SPEAKER_01There's a couple of response to that. First of all, I think we all think we're further behind than we are. Um, and every time I I talk to folks outside, you know, and I compare what we're doing to other folks, at least in our peer set, we're we're right right up in the front front grouping, right? But it doesn't feel like it. And I think that's the bigger part. It's the feeling. You know, things are changing so fast. How could we ever be at the forefront? And so, you know, I I don't think we should. I, you know, maybe there are some companies that should be, but companies in manufacturing, companies in sales, companies, so many companies, they don't need to crack the bleeding edge. They need to say, hey, this function in the company uh needs help. You know, we need to distribute our our products better, or we need to speed up our time to failure in our research areas, or uh had this conversation this week. You know, we just need someone to act as the intern as we did review our tax law stuff.

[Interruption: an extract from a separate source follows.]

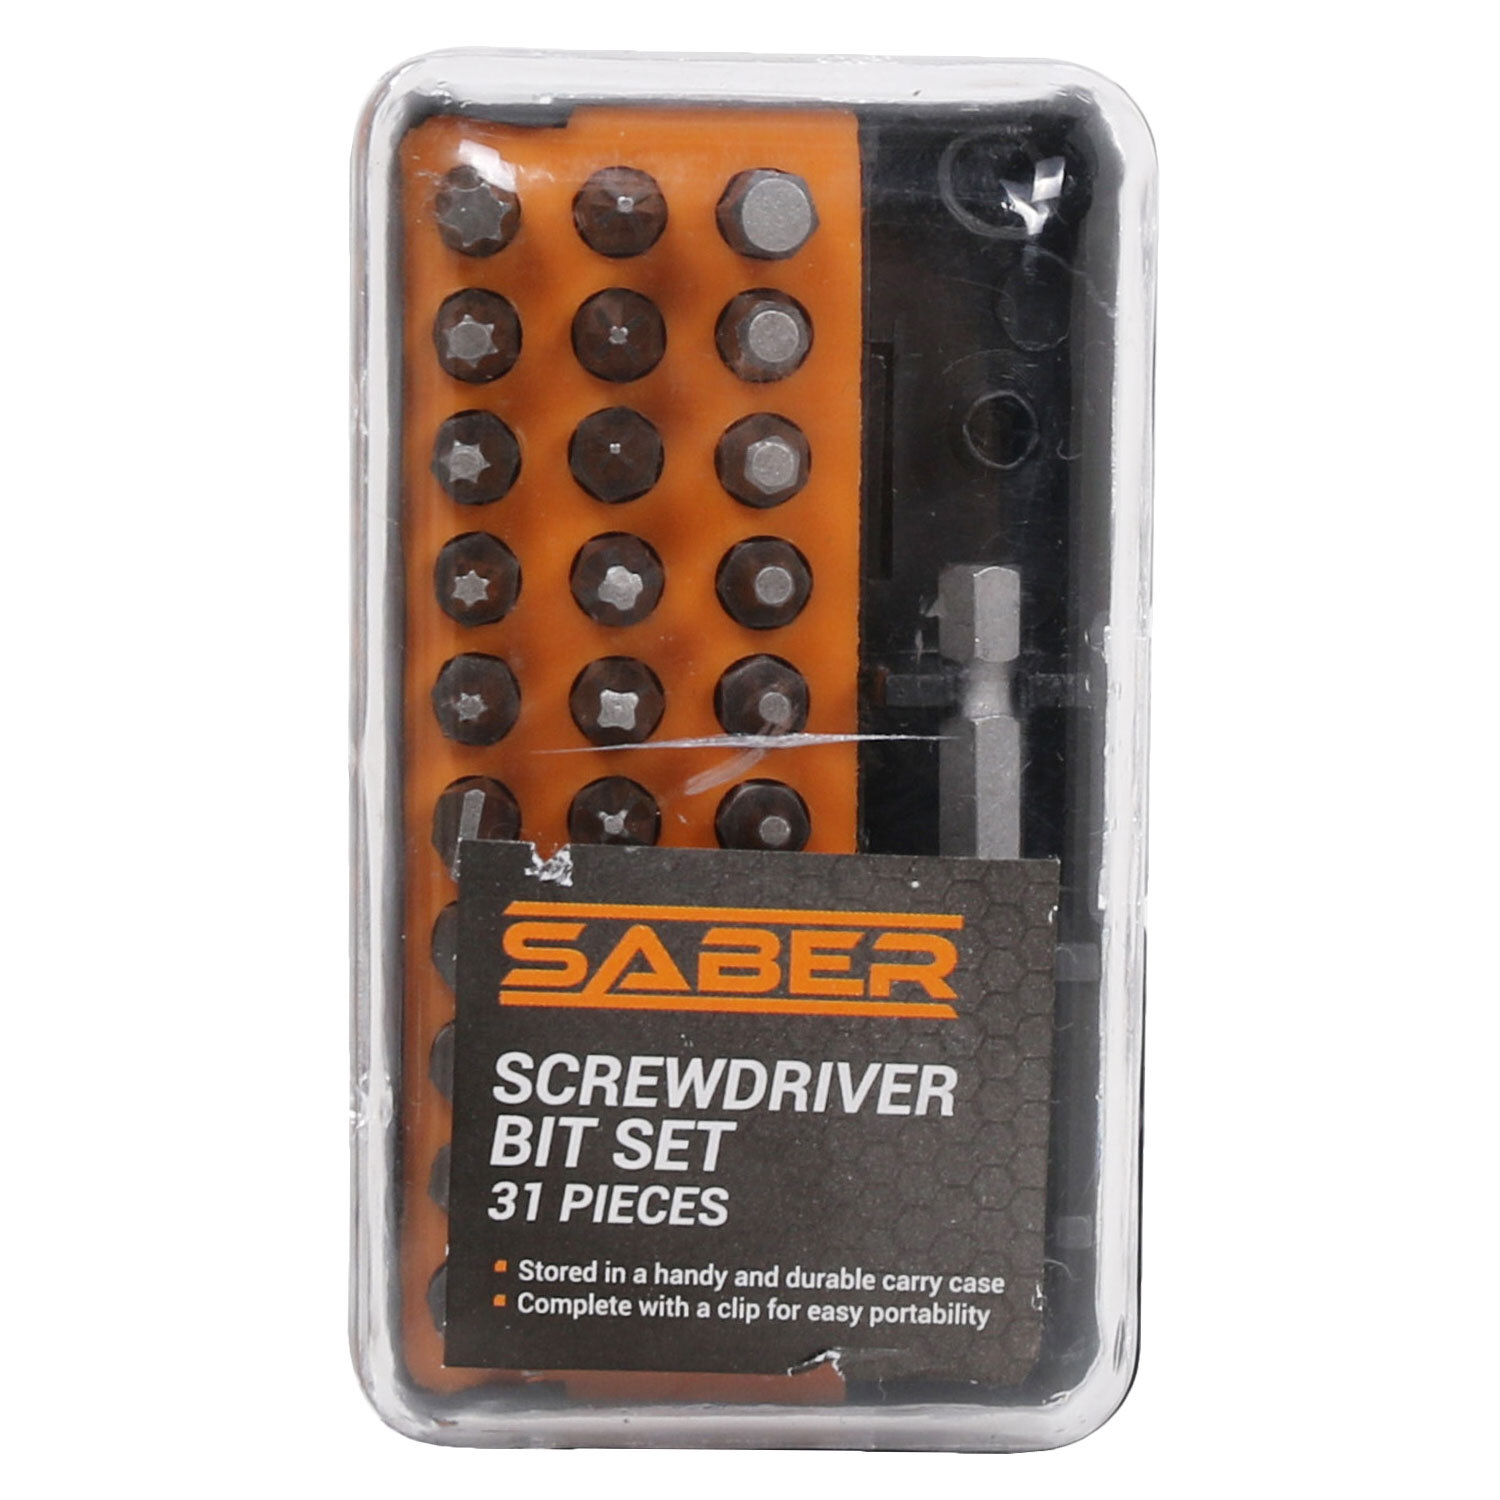 Saber Screwdriver Bit Set Image 1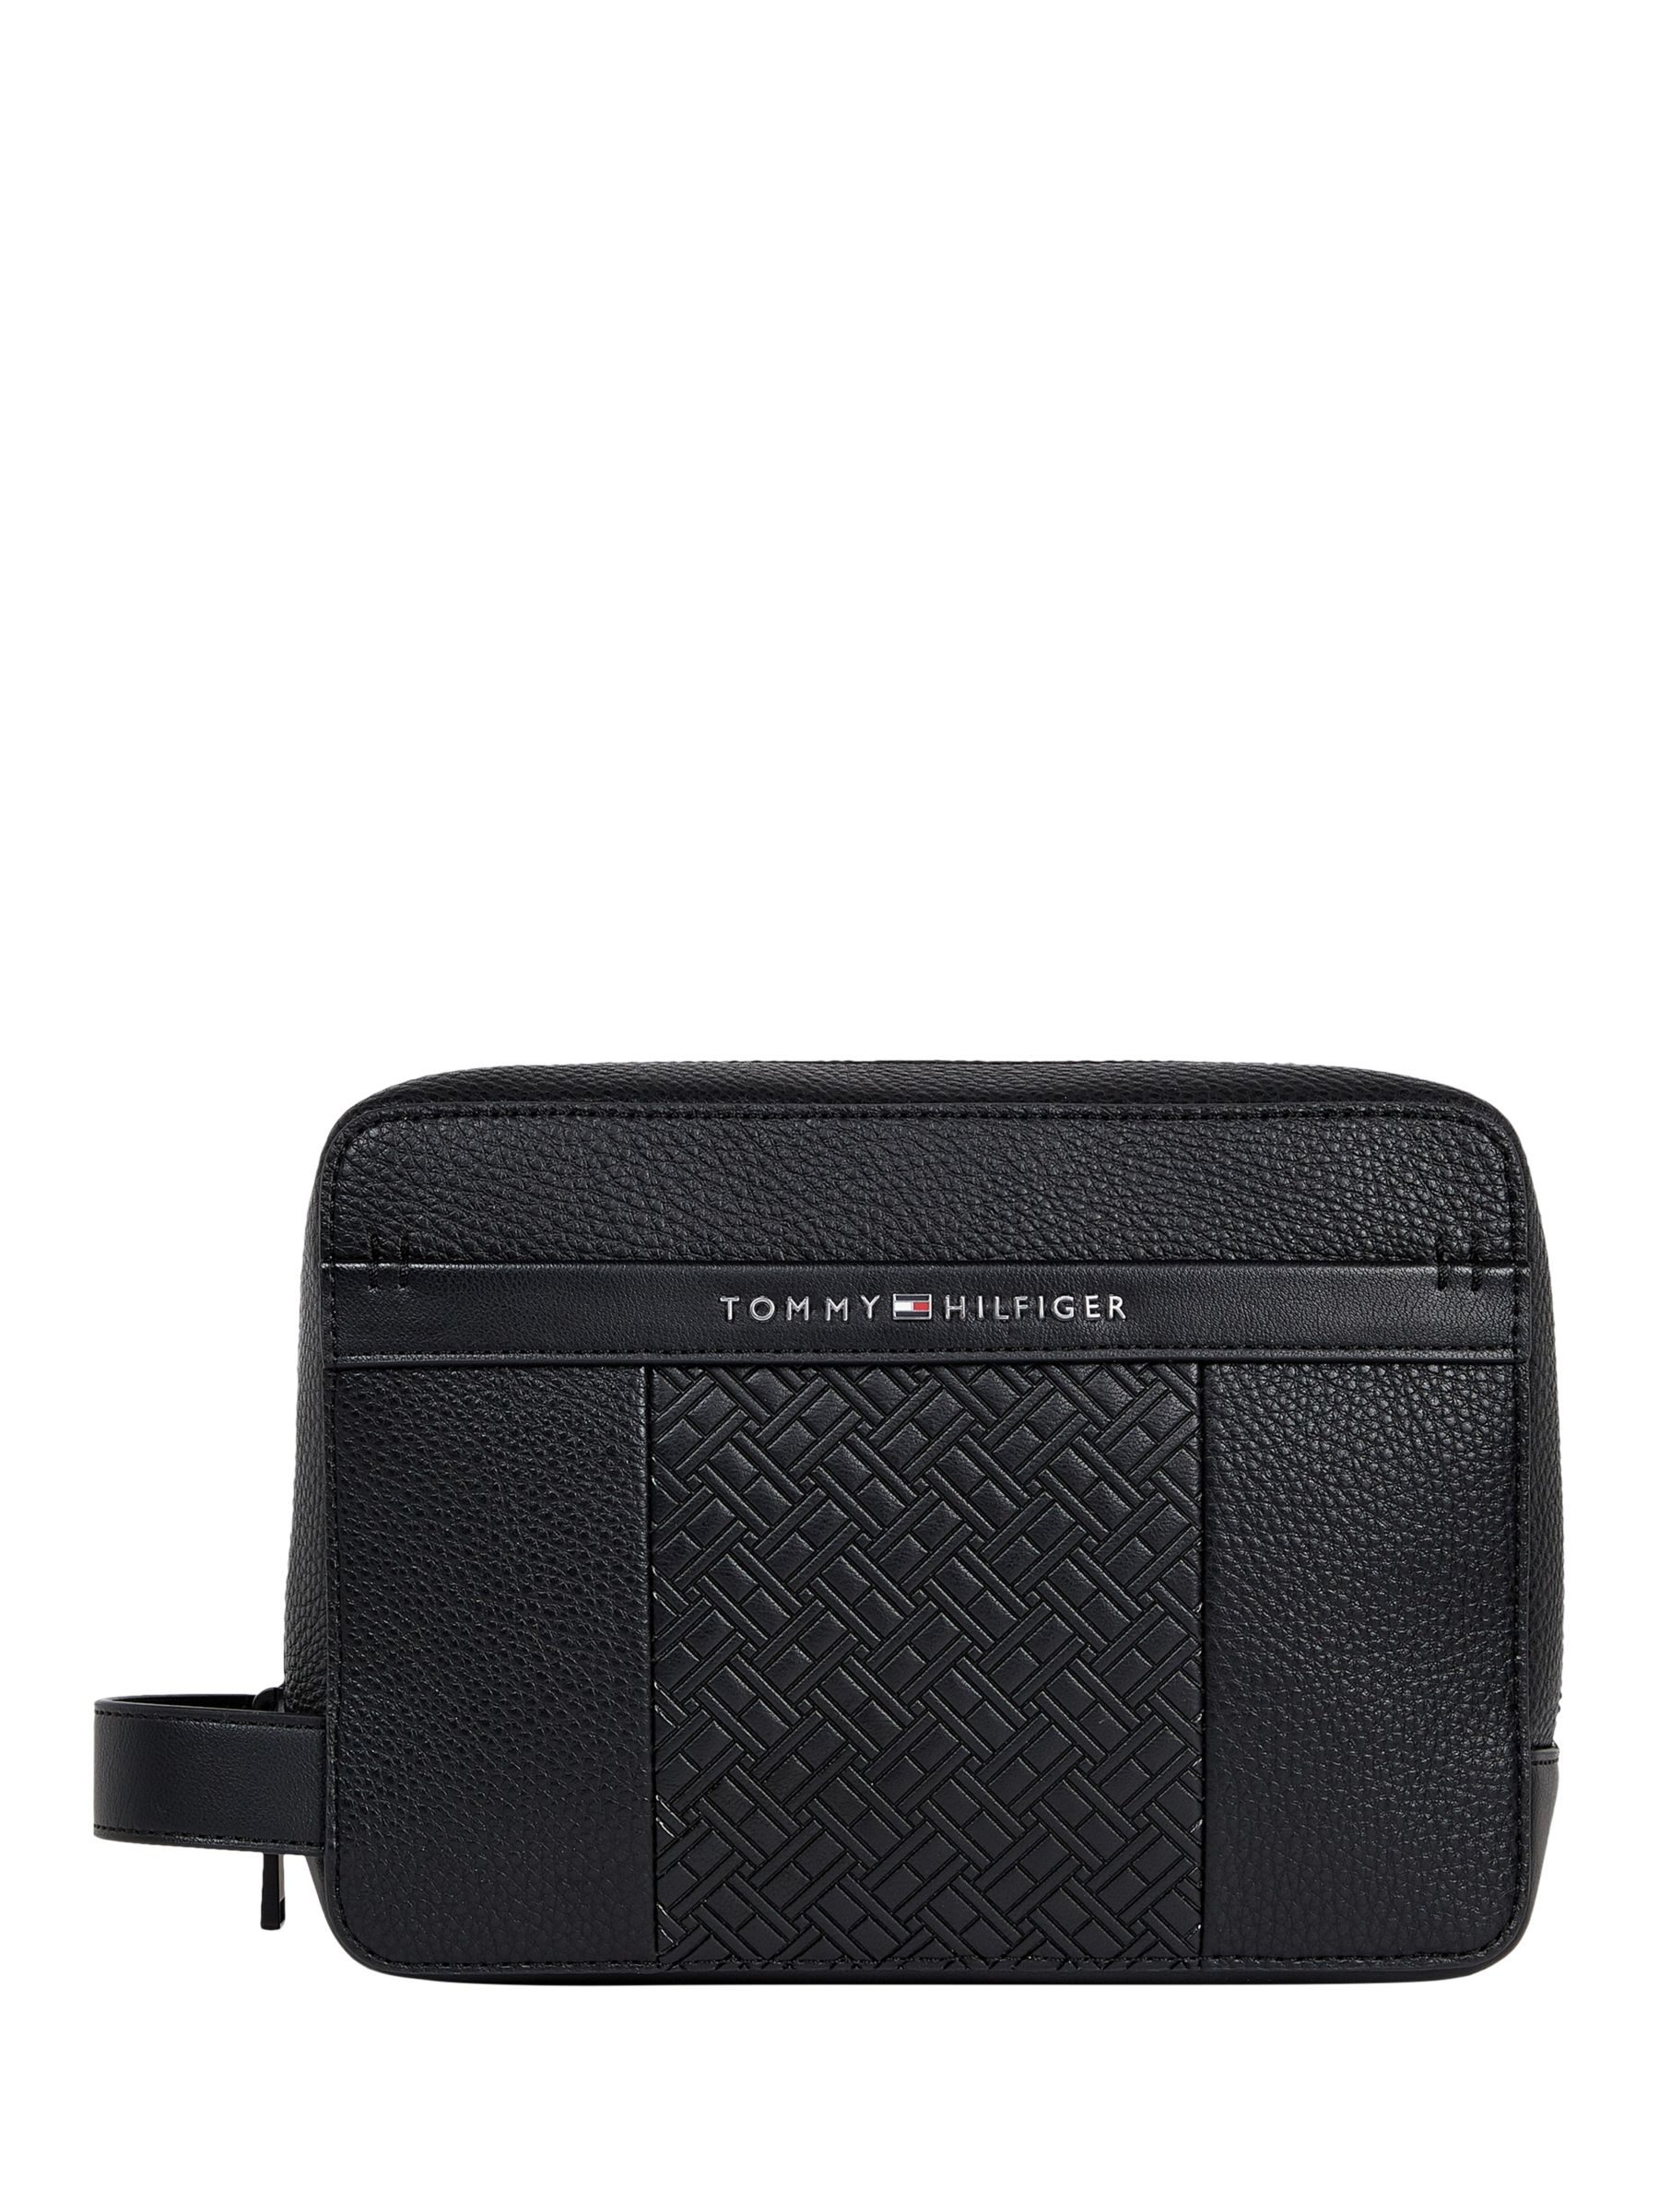 Tommy Hilfiger Central Wash Bag, Black at John Lewis & Partners

Have something, someone go and review that. That's a great use for generative AI. Um, ironically, our legal department said they would never use generative AI, and now they're asking for it. But we'll we'll that's for another another discussion. But uh yeah, it's I I think honestly, we have to give ourselves grace. I think we have to say, I am confident enough in my ability and in my teams to take the time to breathe to do it right. You know, or in other words, you know, and I heard this early in my career slow down to go fast. And I thought that was ridiculous at the time, and now I think it is absolutely brilliant. Um, I have shifted from bouncing from task to task to task to task to stopping working with my my generative AI to identify what's the next most valuable thing I can be working on. You know, and and I think maybe not directly, but I think that can apply to a lot of folks. What is the next most important thing I can be doing?
SPEAKER_00Yeah. And you touched on something really important. Um when you mentioned kind of having an intern 24-7, right? In the same kind of idea frame as um as that, you take the what you mentioned about, you know, looking for a red teaming kind of uh like uh activity in your organization. I think that is actually like one of the killer use cases for testing, which is like awesome, right? It's like having being able to do continuous testing, continuous governance, um, 24-7 pen testing to like an extent, right? Like, for example, I can imagine like even like a chat bot, right? Imagine a chatbot is just sitting in a test environment and like all day, every day, 24-7, when your red tech, when your red team, your human red team is sleeping,
What Green, Yellow, Red Looks Like in a Probabilistic System
SPEAKER_00it's consist consistently getting harassed by like an an AI on the other side that is just constantly giving you a flywheel of um attack response. Uh, you get to go and look at this over, you look at the telemetry, you see how things are changing. Um, you kind of make it a self-improvement mechanism, even, right? Um, I would love to know kind of what, like as you're looking at things like continuous security solutions, including red teaming, what that kind of looks like for you and how you see implementing it into your security strategy.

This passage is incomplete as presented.